CHI È LETIZIA FORNASIERI?
Tralasciando per un momento le vicende biografiche, Letizia Fornasieri è un’artista sincera, di notevole coerenza. Nell’arco della sua carriera artistica ha sempre dipinto ciò che conosce. “Non potrei mai dipingere il mare o la montagna, perché non li conosco. Dovrei incontrarli”. È un’attenta osservatrice di ciò che la circonda. Ritrae solo quello che conosce. “Per anni ho dipinto cose in primo piano. Solo con la frequentazione della campagna senese ho potuto vedere il paesaggio da lontano e, solo in quel momento, ho iniziato a dipingere i paesaggi con una prospettiva lontana”. Ogni sua opera sembra essere una tessera della sua vita. Il suo sguardo è curioso di cogliere quei fili che uniscono il tutto. Ogni immagine racchiude una domanda alla quale risponde con un’opera. Colpisce la sua interpretazione dell’ombra, che risulta più elastica e sinuosa di chi la crea, riuscendo a toccare gli oggetti sui quali si proietta. Percepire così il mondo spiega, in parte, la tensione pittorica. Un’ombra di questo genere non può essere “nera-nera”, ma accoglie tanti altri accenti cromatici degli oggetti che sfiora.
CHI
Letizia Fornasieri è una pittrice milanese nata in una grande famiglia, tre fratelli e tre sorelle. Il regalo dei colori a olio da parte del padre, durante la terza media, e il permesso della madre di dipingere in veranda (il suo primo studio) tracciano l’inizio della sua carriera.
COME
L’avvenimento assolutamente ordinario e fondamentale di vedere una grande mostra di Gustave Courbet a Milano è decisivo. In quel momento capisce, infatti, di voler diventare una pittrice. Letizia Fornasieri, dopo essersi diplomata al liceo scientifico, decide di frequentare e superare anche l’ultimo anno di liceo artistico, potendo essere così ammessa all’Accademia di Brera. Sono gli anni ‘70 e “nelle aule nessuno dipinge più, perché c’erano altre ricerche in atto”. Letizia è un’autodidatta che osserva maestri come Jean–Baptiste–Simeon Chardin, Paul-Cézanne, Pierre Bonnard, Claude Monet, e Franz Kline. L’artista che più frequenta in quegli anni è William G. Congdon, di origine americana, con cui parla e riflette di colori e composizioni. Certo è che
EVENTI IMPORTANTI
Nel 1981, vince il Premio San Fedele Quadro Giovani alla Galleria San Fedele, a Milano.

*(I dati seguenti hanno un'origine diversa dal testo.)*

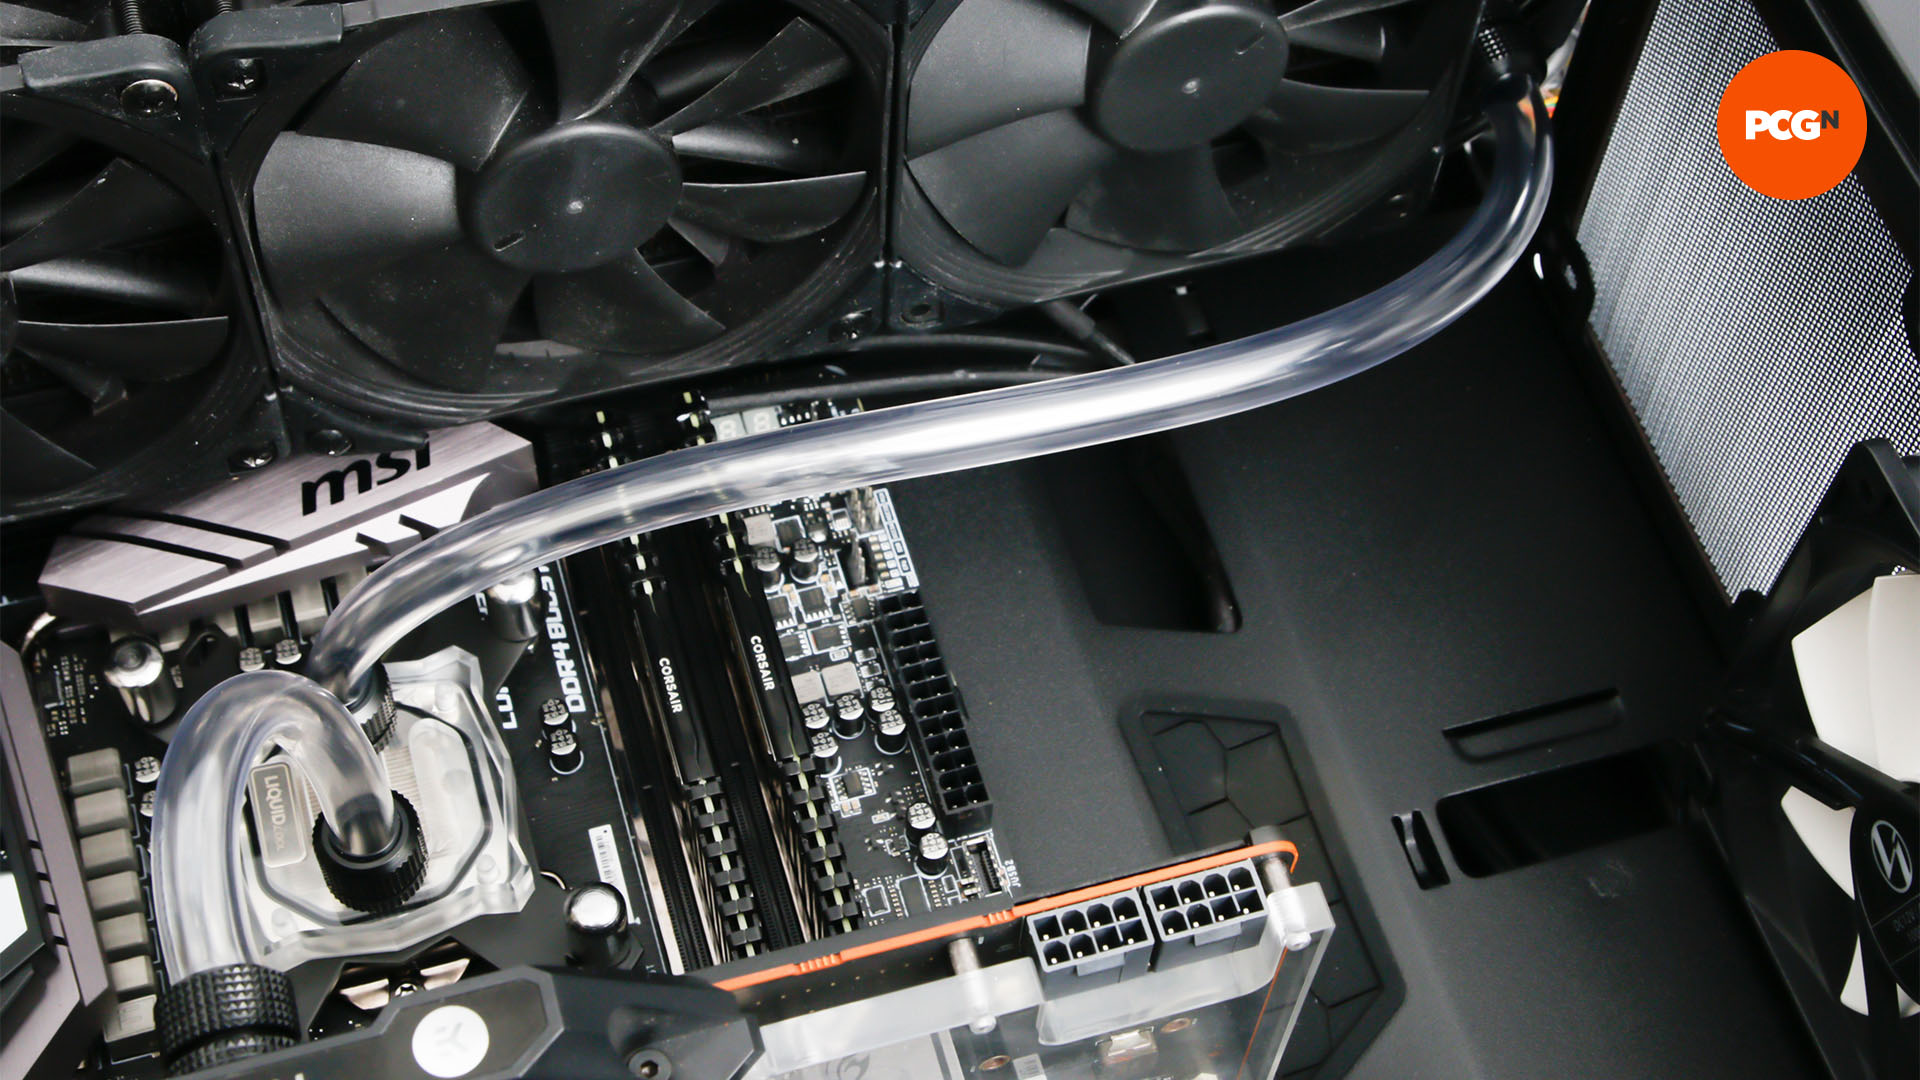 How to water cool your PC: Route tubing from radiator
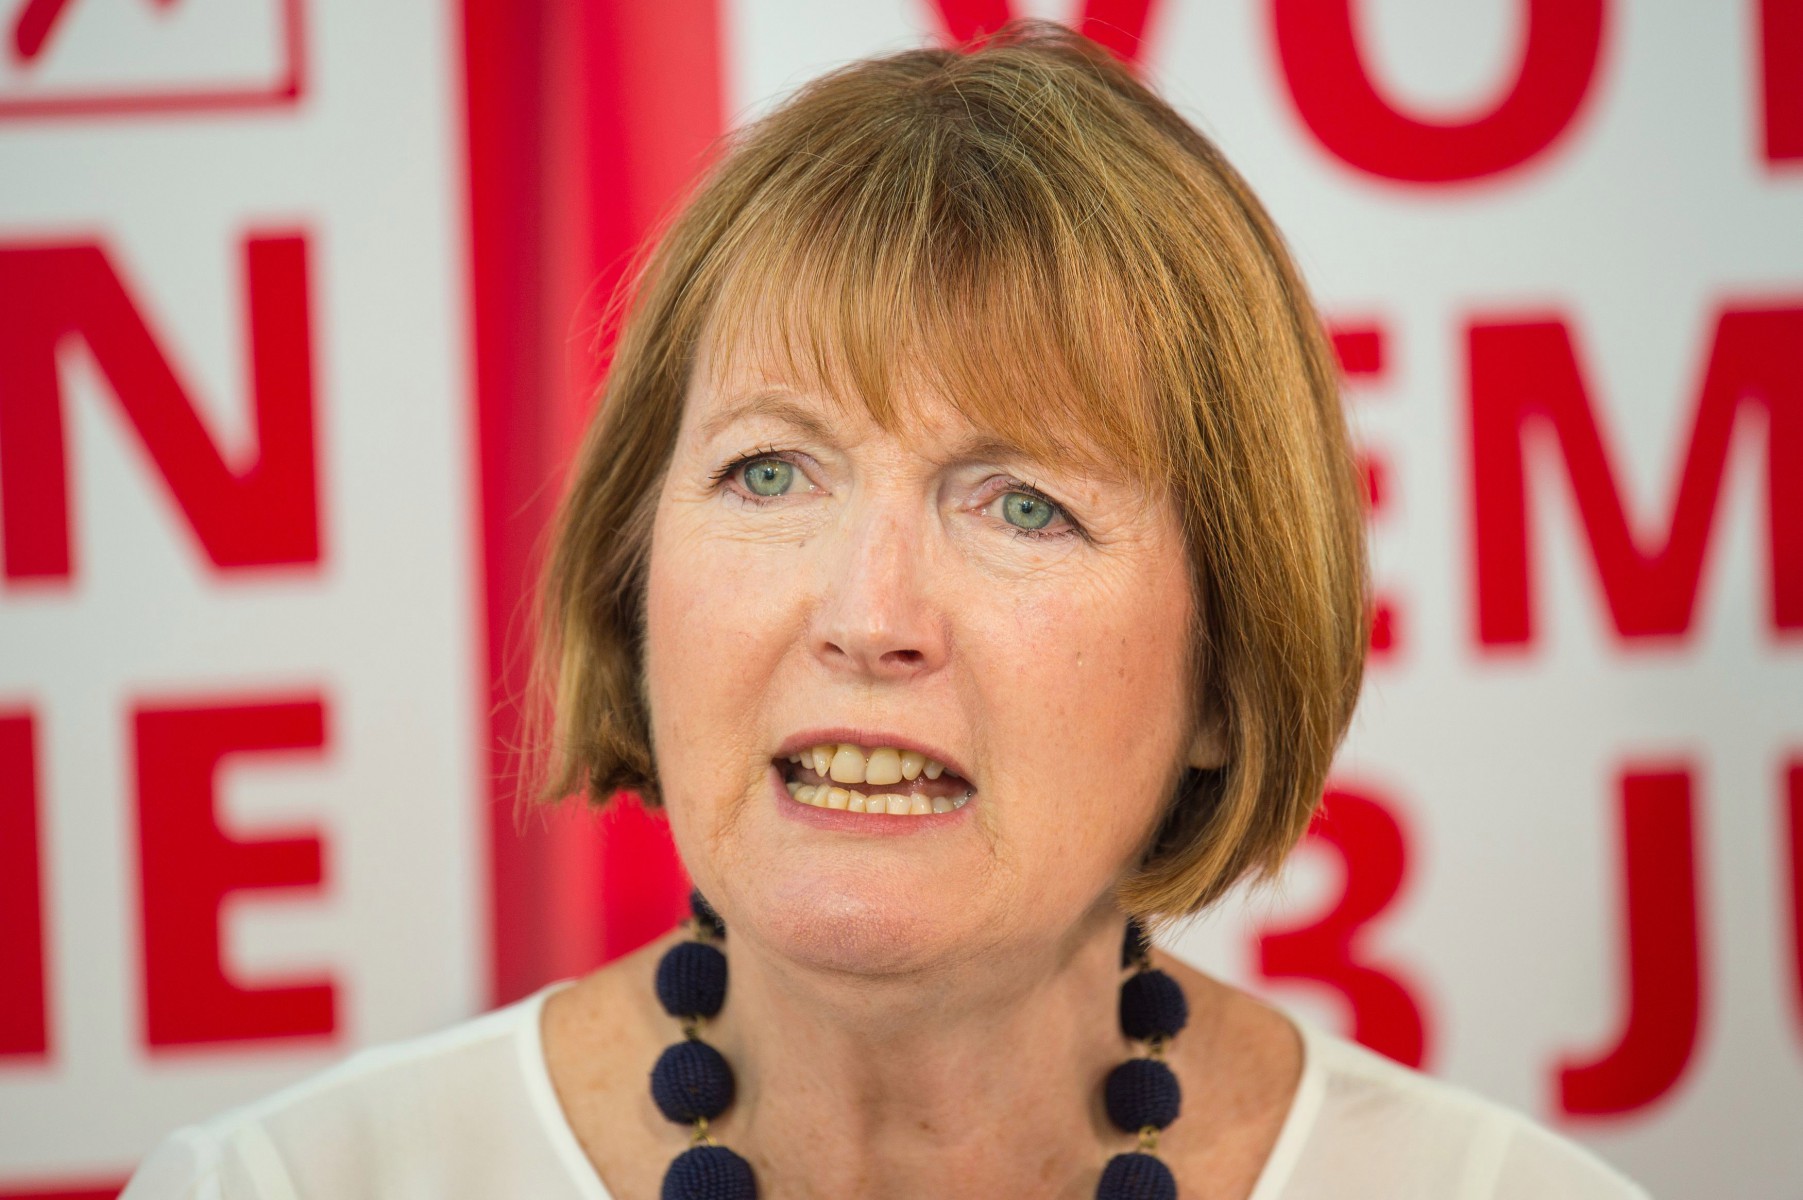 Even preachy Labour veteran Harriet Harman would be better than the current Speaker

Nel 1995, sempre a Milano, vince il premio il Premio di Pittura Carlo Dalla Zorza della Galleria Ponte Rosso.
Nel 2005 partecipa alla XIV Quadriennale di Roma (“Fuori Tema/Italian Feeling”). La rassegna, libera da ogni tema o linea guida, vede partecipare Letizia Fornasieri con “Milano – Tram” (2004), opera che entra a far parte della collezione della Camera dei Deputati del Parlamento italiano.